# Lab 5-1: Blackjack with Monte Carlo Methods

**IE 7295 Reinforcement Learning | Sutton & Barto Chapter 5**

---

## Background

Monte Carlo methods learn directly from episodes of experience without requiring a model of the environment's dynamics. This lab implements the **First-Visit Monte Carlo** algorithm on the classic Blackjack problem from Sutton & Barto (2018), Example 5.1.

### Learning Objectives
- Understand Monte Carlo prediction methods
- Implement First-Visit MC algorithm
- Learn from sampled episodes of experience
- Estimate action-value functions Q(s,a)
- Visualize value functions and policies

### Blackjack Rules
- **Goal:** Get sum close to 21 without exceeding
- **Actions:** Hit (draw card) or Stick (stop)
- **States:** (player_sum, dealer_card, usable_ace)
- **Rewards:** +1 (win), 0 (draw), -1 (lose)
- **Ace:** Can be 1 or 11 (usable if 11)

---
## Section 1: Environment Setup and Dependencies

Importing libraries and configuring the computational environment

In [None]:
# Cell 1: Import Libraries
import sys
import gymnasium as gym
import numpy as np
from collections import defaultdict
from mpl_toolkits.mplot3d import Axes3D
import matplotlib.pyplot as plt
from matplotlib import cm
import warnings
warnings.filterwarnings('ignore')

# Configure matplotlib
plt.rcParams['figure.dpi'] = 100
plt.rcParams['figure.figsize'] = (12, 8)
plt.rcParams['font.size'] = 10

print("Libraries imported successfully")
print(f"Gymnasium version: {gym.__version__}")

---
## Section 2: Creating the Blackjack Environment

Initializing the OpenAI Gymnasium Blackjack-v1 environment

In [None]:
# Cell 2: Initialize Blackjack Environment (v1)
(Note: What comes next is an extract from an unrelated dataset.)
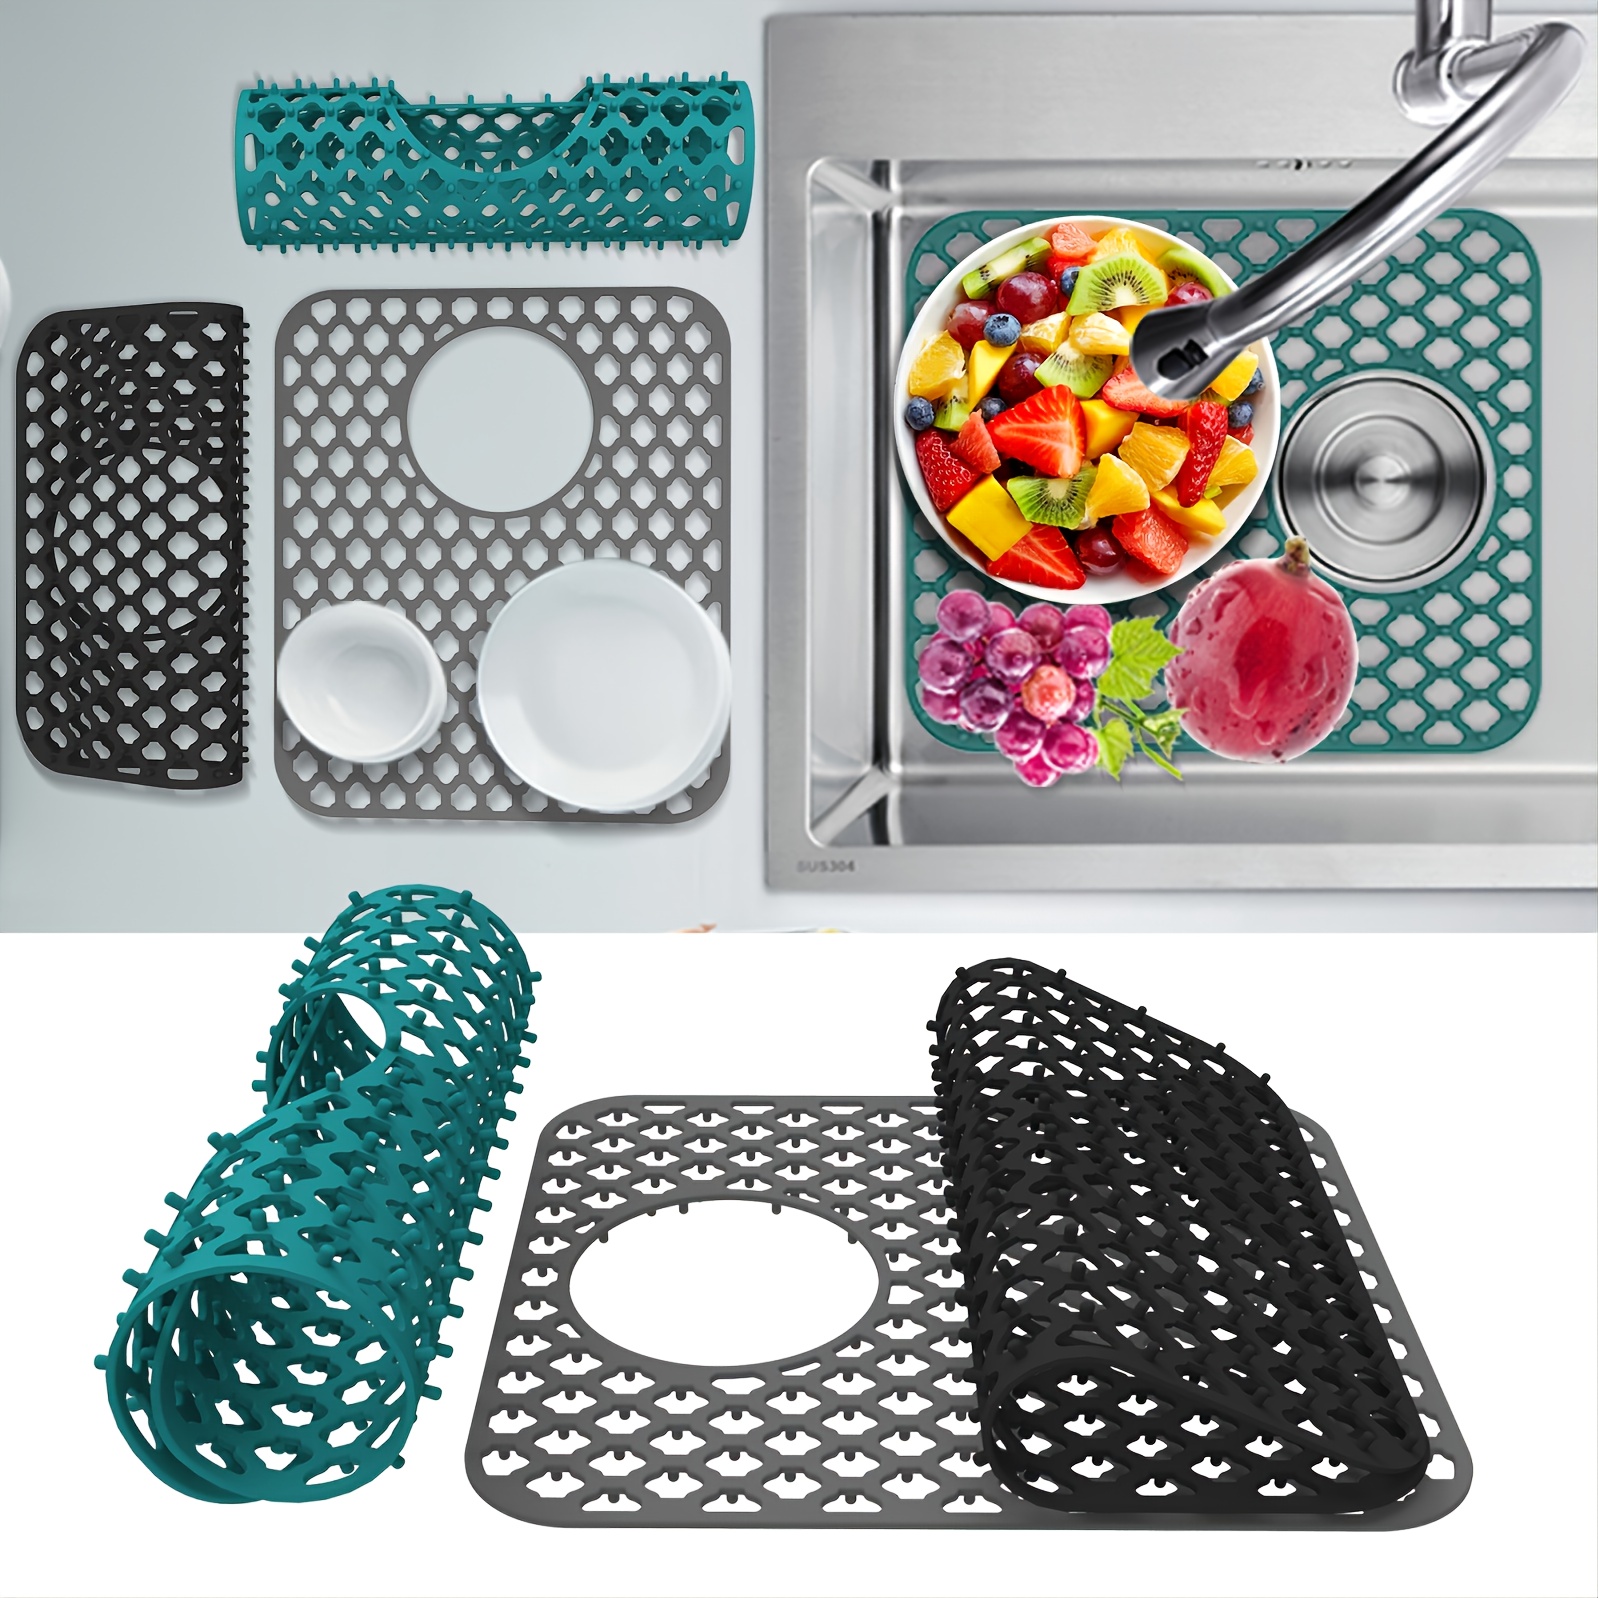 2pcs Kitchen Sink Mats, TSV Rubber Sink Mat, Kitchen Sink Grid Protector, Non-Slip Drain Pad Protector with Cuttable Center Drain, Collapsible Sink

# FIXED: Using v1 instead of v0
env = gym.make('Blackjack-v1')

print(f"Environment: Blackjack-v1")
print(f"Action space: {env.action_space}")
print(f"Number of actions: {env.action_space.n}")
print("Actions: 0 = Stick (stop), 1 = Hit (draw card)")

# Demonstrate environment
sample_state, _ = env.reset()
print(f"\nSample initial state: {sample_state}")
print(f"  Player sum: {sample_state[0]}")
print(f"  Dealer showing: {sample_state[1]}")
print(f"  Usable ace: {sample_state[2]}")

---
## Section 3: Monte Carlo ES Algorithm Overview

### Monte Carlo with Exploring Starts (MC ES)
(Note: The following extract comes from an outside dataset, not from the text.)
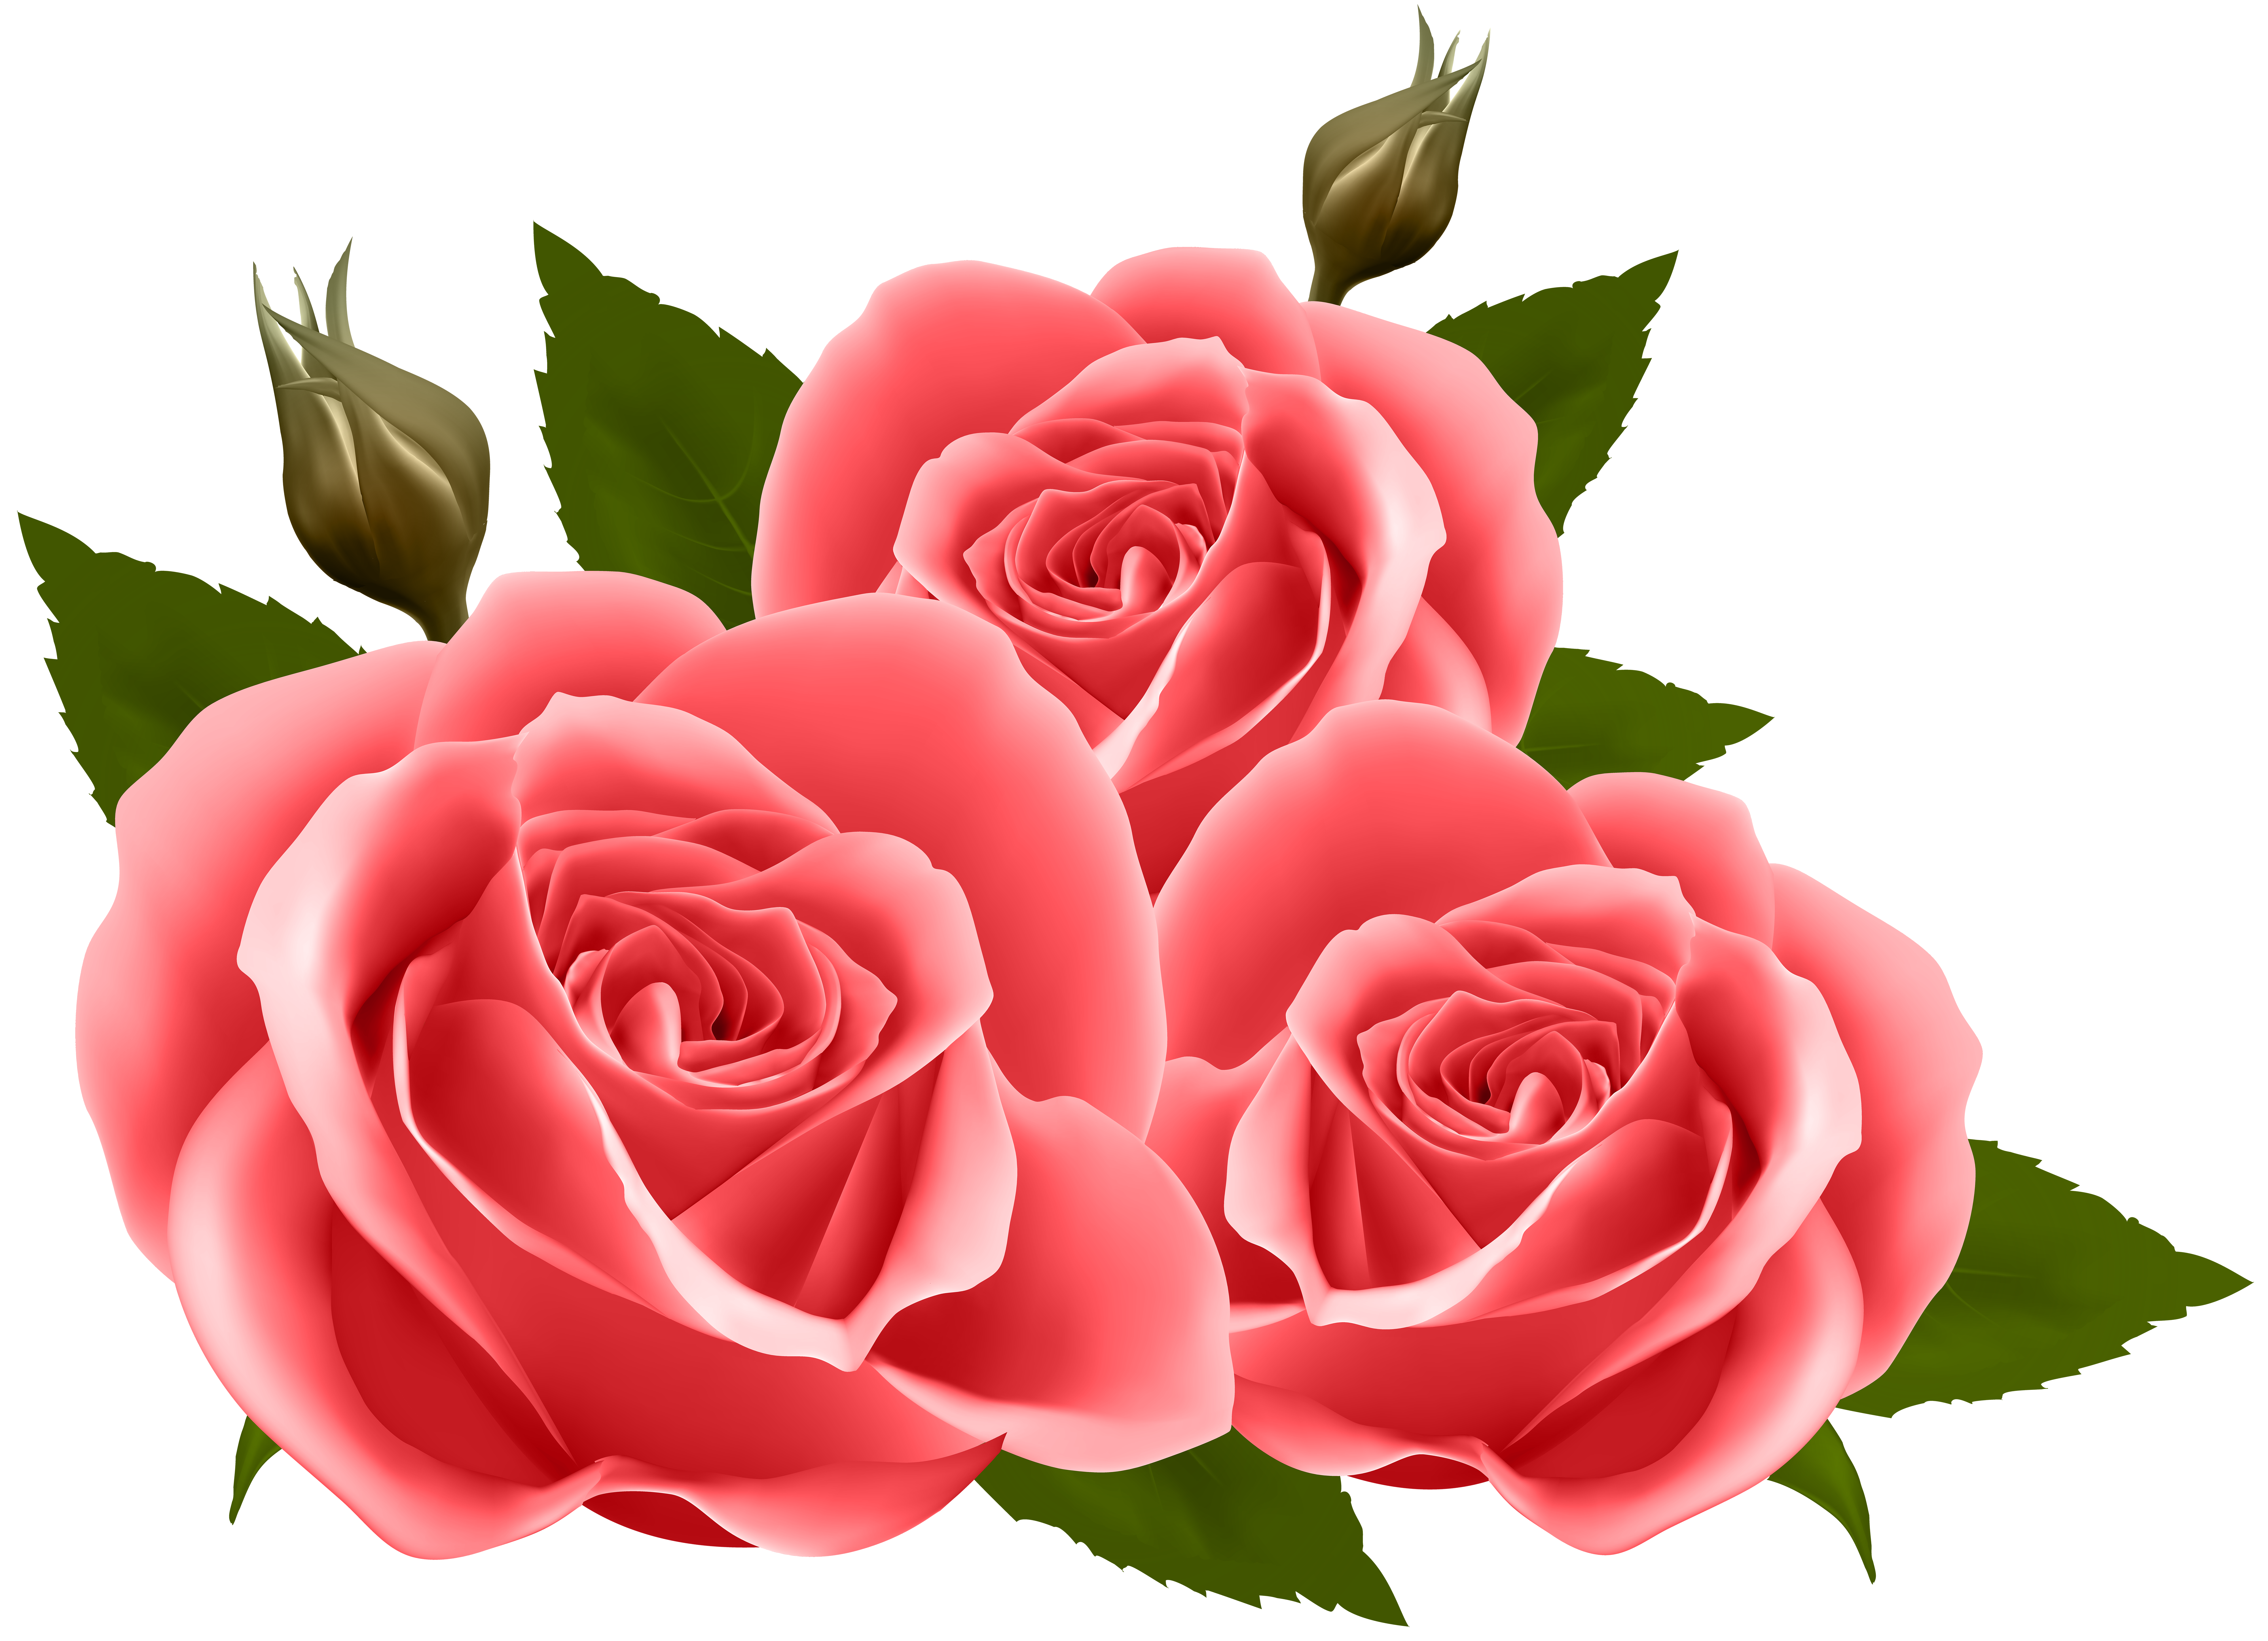 Red Roses PNG Clip Art Image.

Algorithm for finding optimal policy π ≈ π*

---

### Algorithm Overview

Monte Carlo ES uses **Exploring Starts** to ensure all state-action pairs are visited. Each episode begins with a **random** state-action pair, then follows the current policy. This guarantees exploration while still finding the optimal policy.

### Pseudocode

![Monte Carlo ES Pseudocode](https://github.com/mdehghani86/RL_labs/blob/master/Lab%2005/MCM_ES.jpg?raw=true)

*Figure: Monte Carlo ES Algorithm from Sutton & Barto*

---

### Key Steps

1. **Exploring Start:** Random (S₀, A₀) pair
2. **Generate Episode:** Follow current policy π
3. **Calculate Returns:** G for each (s,a)
4. **Update Q:** Average returns for each pair
5. **Policy Improvement:** π(s) ← argmax Q(s,a)

### Why Exploring Starts?

Without exploring starts, a deterministic policy might never visit certain state-action pairs, preventing us from learning their true values.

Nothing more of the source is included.